Street in Westminster London, England

Buckingham Gate is a street in Westminster, London, England, near Buckingham Palace. It contains a number of embassies, hotels and businesses, and since September 2025, includes Liberal Democrat Headquarters, housing one of Parliament's three largest political parties, which is based at 66 Buckingham Gate.

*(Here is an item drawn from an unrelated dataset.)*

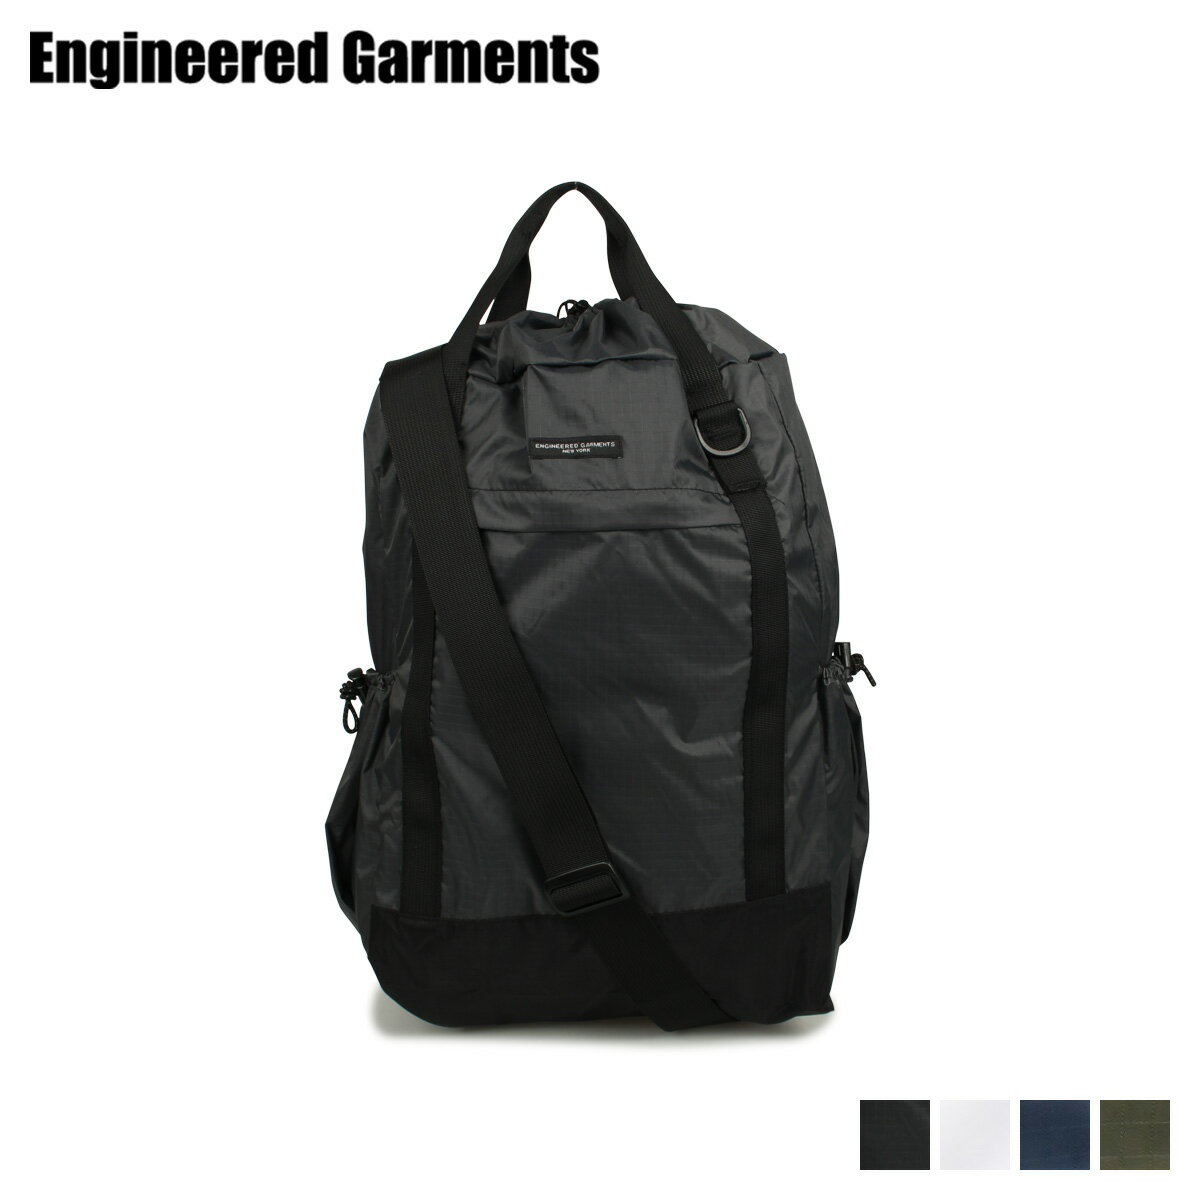 男女兼用バッグ, ショルダーバッグ・メッセンジャーバッグ 1000OFF ENGINEERED GARMENTS 3WAY UL 3 WAY BAG 20F1H034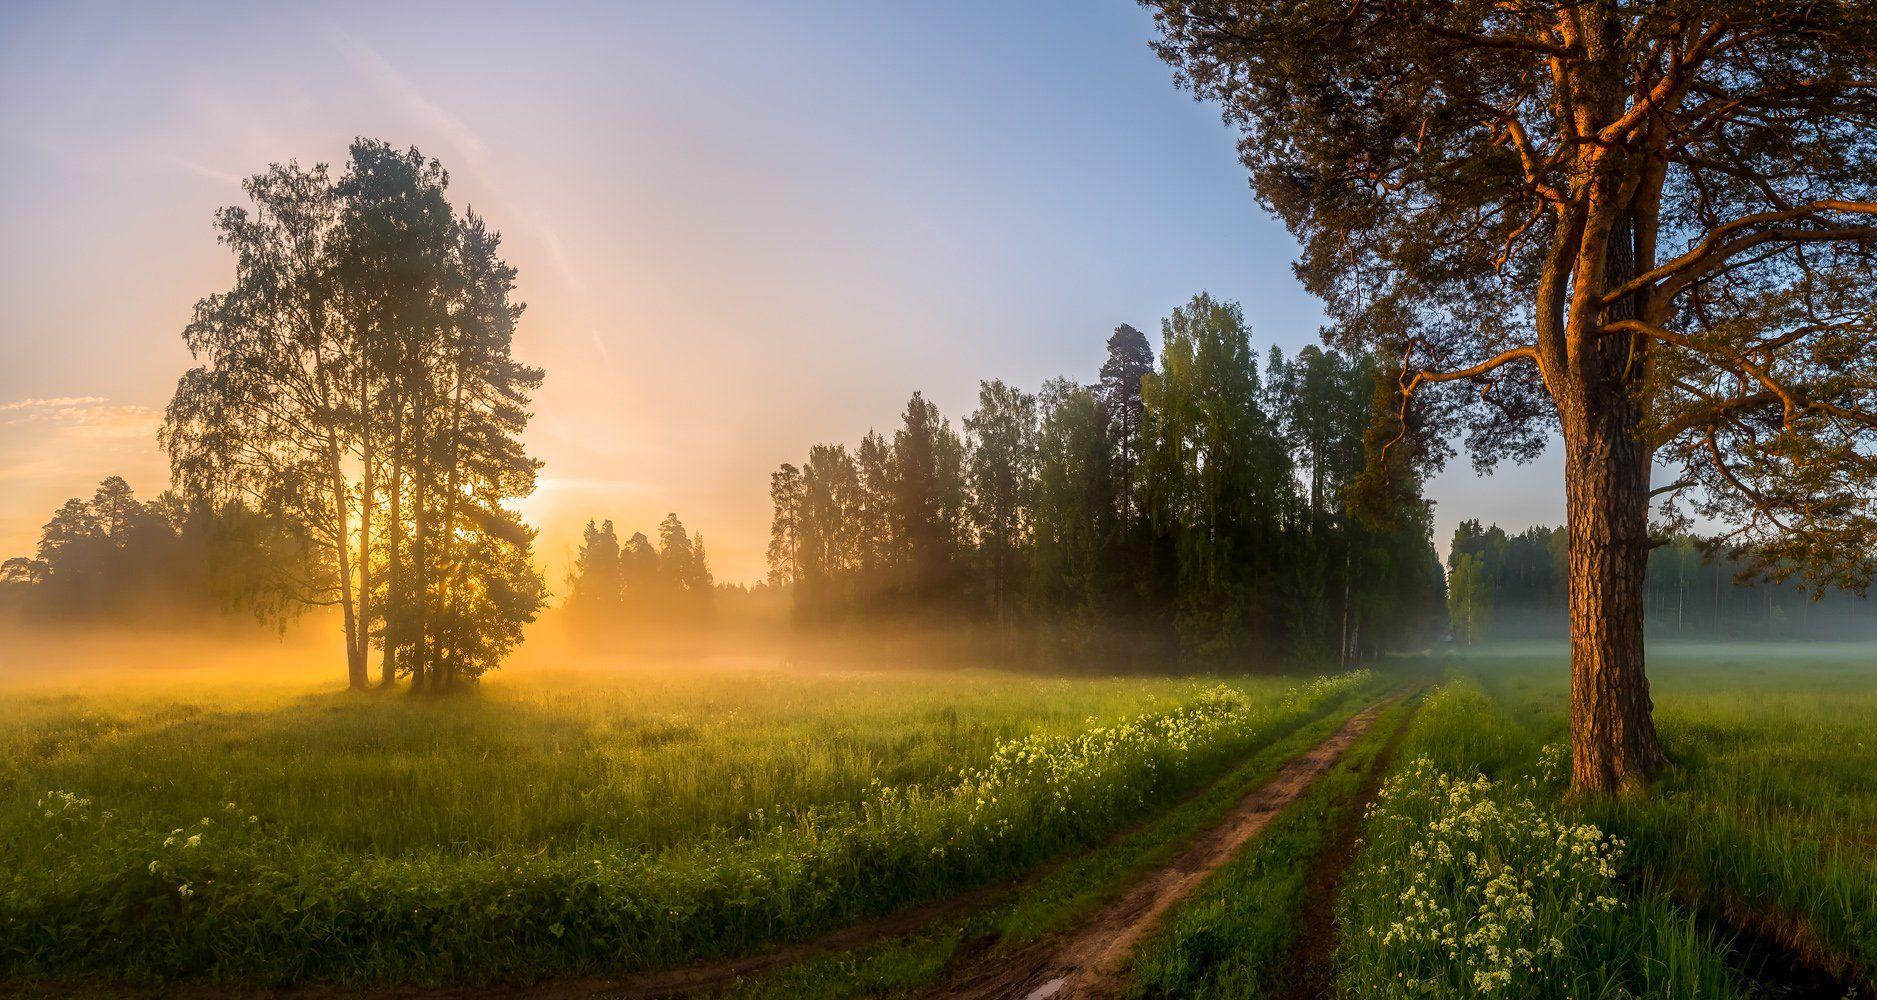 санкт-петербург, парк павловск, лето, дорожка, прогулка, туман, рассвет, сосна, отдых., Лашков Фёдор

The roadways of Buckingham Gate were first constructed in 1680, but were known by different names. Prior to 1820, the name of Buckingham Gate referred to an actual gate with a gatehouse and a gate guard, controlling access to the Queen's Palace and the Wellington Barracks, situated on the border of Queen's Garden and St James Park. The eastern portion of the modern Buckingham Gate was once known as Stafford Row and the Queens' Wards. The western portion was known as James Street. Prior to 1828, the eastern portion was reserved exclusively for use by members of the royal family.

==Location==

At the north-west end is a junction with Buckingham Palace Road and Birdcage Walk opposite Buckingham Palace. At the south-east end is a junction with Victoria Street. The Wellington Barracks are to the north-east. The street is designated as part of the B323 road.

==Transport==

The nearest London Underground stations are London Victoria station and St James's Park tube station; both are close to the south-east end of the street.

==History==
The Buckingham Gate drill halls stood at No. 58 and No. 59. No. 59 was the regimental headquarters of the London Scottish and also served as the location for the British Wreck Commissioner's inquiry into the sinking of the RMS Titanic in 1912.

==Embassies==

There are a number of diplomatic missions on the road:

- No. 20 – High Commission of Eswatini
- No. 60 – South Korean Embassy
- No. 75-88 – Embassy of North Macedonia

==Businesses==

There are several restaurants in Buckingham Gate. Currently, there is Bistro at the St. James Court, A Taj Hotel London St. James, the Quilon Restaurant at No. 41, The Zander cocktail bar is at No. 45, and Bongusto Italian restaurant at No. 75.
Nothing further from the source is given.